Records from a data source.
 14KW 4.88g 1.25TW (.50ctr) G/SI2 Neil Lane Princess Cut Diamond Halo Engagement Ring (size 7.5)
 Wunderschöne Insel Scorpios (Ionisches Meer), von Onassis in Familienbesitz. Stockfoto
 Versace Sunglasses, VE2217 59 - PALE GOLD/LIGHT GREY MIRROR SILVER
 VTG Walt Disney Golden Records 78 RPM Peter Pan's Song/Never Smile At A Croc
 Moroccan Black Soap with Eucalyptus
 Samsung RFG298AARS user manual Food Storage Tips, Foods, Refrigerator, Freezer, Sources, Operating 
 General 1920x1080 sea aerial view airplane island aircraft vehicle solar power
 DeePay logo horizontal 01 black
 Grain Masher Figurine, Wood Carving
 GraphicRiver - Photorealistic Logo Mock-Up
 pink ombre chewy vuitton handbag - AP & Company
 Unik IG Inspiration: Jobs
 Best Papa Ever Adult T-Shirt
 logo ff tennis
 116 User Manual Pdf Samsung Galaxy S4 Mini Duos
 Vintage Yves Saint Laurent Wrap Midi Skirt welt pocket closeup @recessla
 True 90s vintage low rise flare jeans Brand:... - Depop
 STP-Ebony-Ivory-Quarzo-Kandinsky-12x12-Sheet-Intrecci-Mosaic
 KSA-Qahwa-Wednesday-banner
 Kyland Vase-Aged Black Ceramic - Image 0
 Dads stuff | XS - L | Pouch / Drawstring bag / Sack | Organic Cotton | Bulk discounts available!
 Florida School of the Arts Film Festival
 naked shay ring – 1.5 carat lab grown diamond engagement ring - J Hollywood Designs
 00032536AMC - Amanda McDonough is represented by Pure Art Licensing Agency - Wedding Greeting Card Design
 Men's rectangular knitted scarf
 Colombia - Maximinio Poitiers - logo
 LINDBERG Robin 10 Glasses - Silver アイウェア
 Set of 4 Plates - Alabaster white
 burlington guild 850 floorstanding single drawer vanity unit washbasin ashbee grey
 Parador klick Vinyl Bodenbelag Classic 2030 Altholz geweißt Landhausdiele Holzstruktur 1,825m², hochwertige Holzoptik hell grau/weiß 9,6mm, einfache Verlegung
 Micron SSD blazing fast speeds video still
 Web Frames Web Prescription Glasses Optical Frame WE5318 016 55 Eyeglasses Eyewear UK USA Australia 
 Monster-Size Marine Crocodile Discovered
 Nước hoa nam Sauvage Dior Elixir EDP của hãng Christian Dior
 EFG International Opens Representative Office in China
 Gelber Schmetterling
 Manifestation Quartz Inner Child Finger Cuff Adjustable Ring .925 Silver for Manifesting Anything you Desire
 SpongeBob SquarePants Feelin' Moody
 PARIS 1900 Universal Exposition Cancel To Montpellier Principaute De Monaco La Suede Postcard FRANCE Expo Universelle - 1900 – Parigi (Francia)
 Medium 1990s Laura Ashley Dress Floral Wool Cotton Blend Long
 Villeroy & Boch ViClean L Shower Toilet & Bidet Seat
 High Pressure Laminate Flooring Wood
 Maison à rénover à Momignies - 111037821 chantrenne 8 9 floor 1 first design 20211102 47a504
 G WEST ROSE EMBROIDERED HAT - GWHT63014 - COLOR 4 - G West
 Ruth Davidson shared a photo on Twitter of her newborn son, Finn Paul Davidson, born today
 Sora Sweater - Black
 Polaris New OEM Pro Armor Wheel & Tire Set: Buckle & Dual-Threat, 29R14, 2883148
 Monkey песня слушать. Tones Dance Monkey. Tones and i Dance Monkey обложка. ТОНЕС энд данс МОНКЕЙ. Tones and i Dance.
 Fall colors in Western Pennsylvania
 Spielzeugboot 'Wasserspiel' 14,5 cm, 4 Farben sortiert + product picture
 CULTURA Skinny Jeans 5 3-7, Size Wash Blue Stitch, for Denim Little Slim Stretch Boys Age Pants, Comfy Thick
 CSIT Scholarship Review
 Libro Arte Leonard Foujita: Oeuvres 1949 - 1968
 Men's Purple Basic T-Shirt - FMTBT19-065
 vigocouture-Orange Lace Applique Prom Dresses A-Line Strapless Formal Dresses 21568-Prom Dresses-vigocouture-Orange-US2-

INSTRUCTIONS TO FOLLOW. Copy each line from the entries above that has the word "Cotton" in it.

WRITTEN SOLUTION.
 Dads stuff | XS - L | Pouch / Drawstring bag / Sack | Organic Cotton | Bulk discounts available!
 Medium 1990s Laura Ashley Dress Floral Wool Cotton Blend Long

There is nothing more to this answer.